■ Information given ■
# # # # # # #
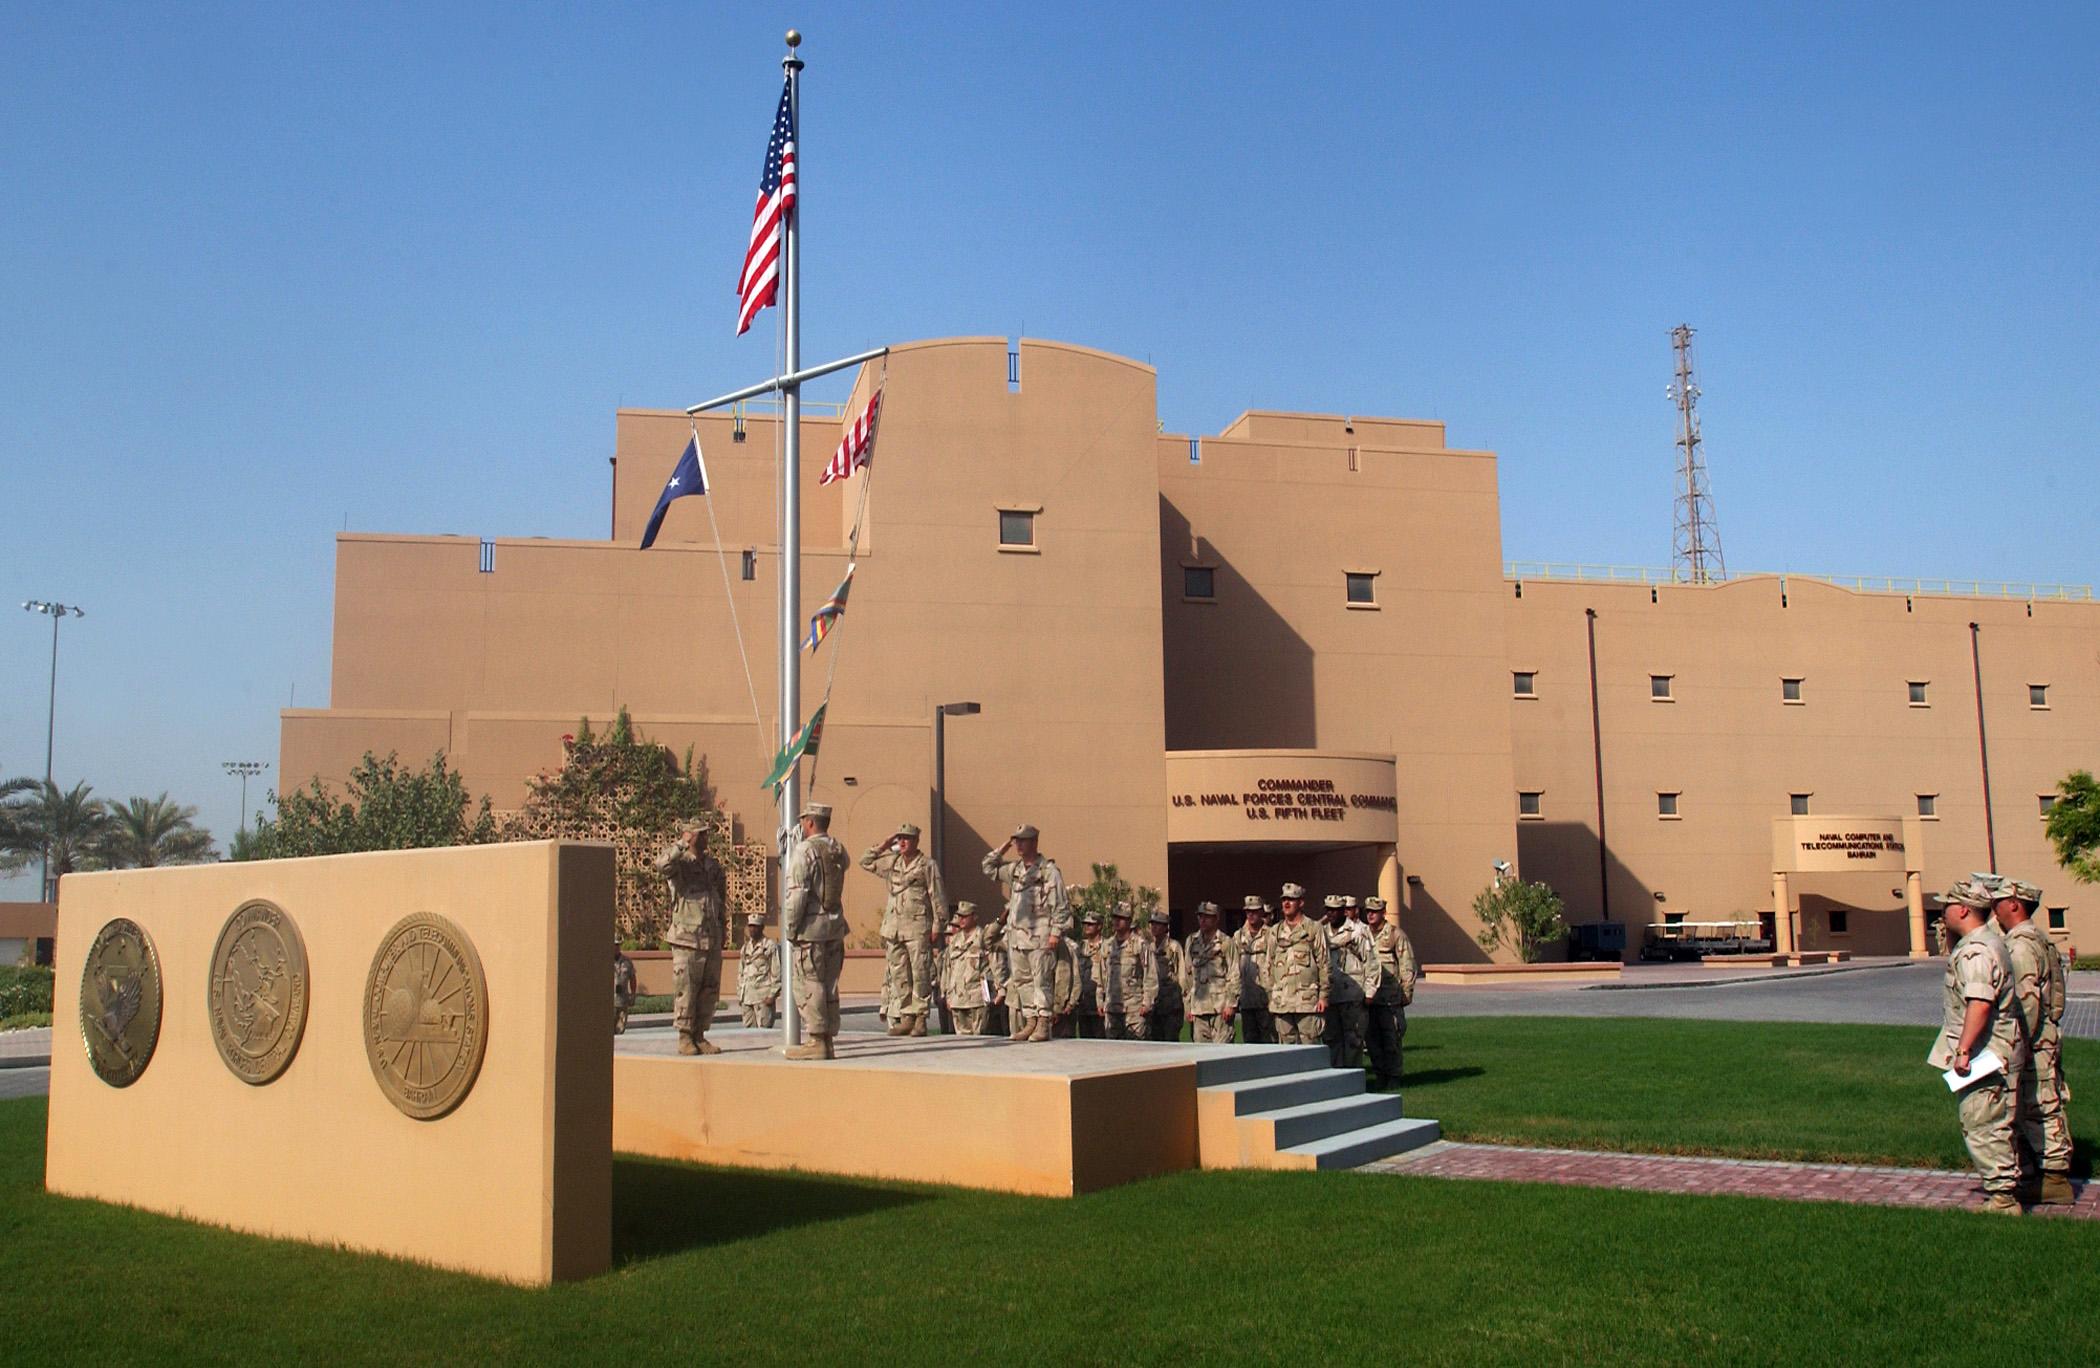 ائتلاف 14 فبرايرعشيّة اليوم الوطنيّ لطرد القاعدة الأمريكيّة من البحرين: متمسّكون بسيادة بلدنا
# # # # # # #
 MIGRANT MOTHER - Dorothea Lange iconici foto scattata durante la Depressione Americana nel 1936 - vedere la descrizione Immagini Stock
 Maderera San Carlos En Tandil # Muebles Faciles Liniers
# # # # # # #
Every line above from the line with "MIGRANT MOTHER - Dorothea" to the line with "Maderera San Carlos", inclusive, must be returned exactly; no other line belongs in the reply.

 MIGRANT MOTHER - Dorothea Lange iconici foto scattata durante la Depressione Americana nel 1936 - vedere la descrizione Immagini Stock
 Maderera San Carlos En Tandil # Muebles Faciles Liniers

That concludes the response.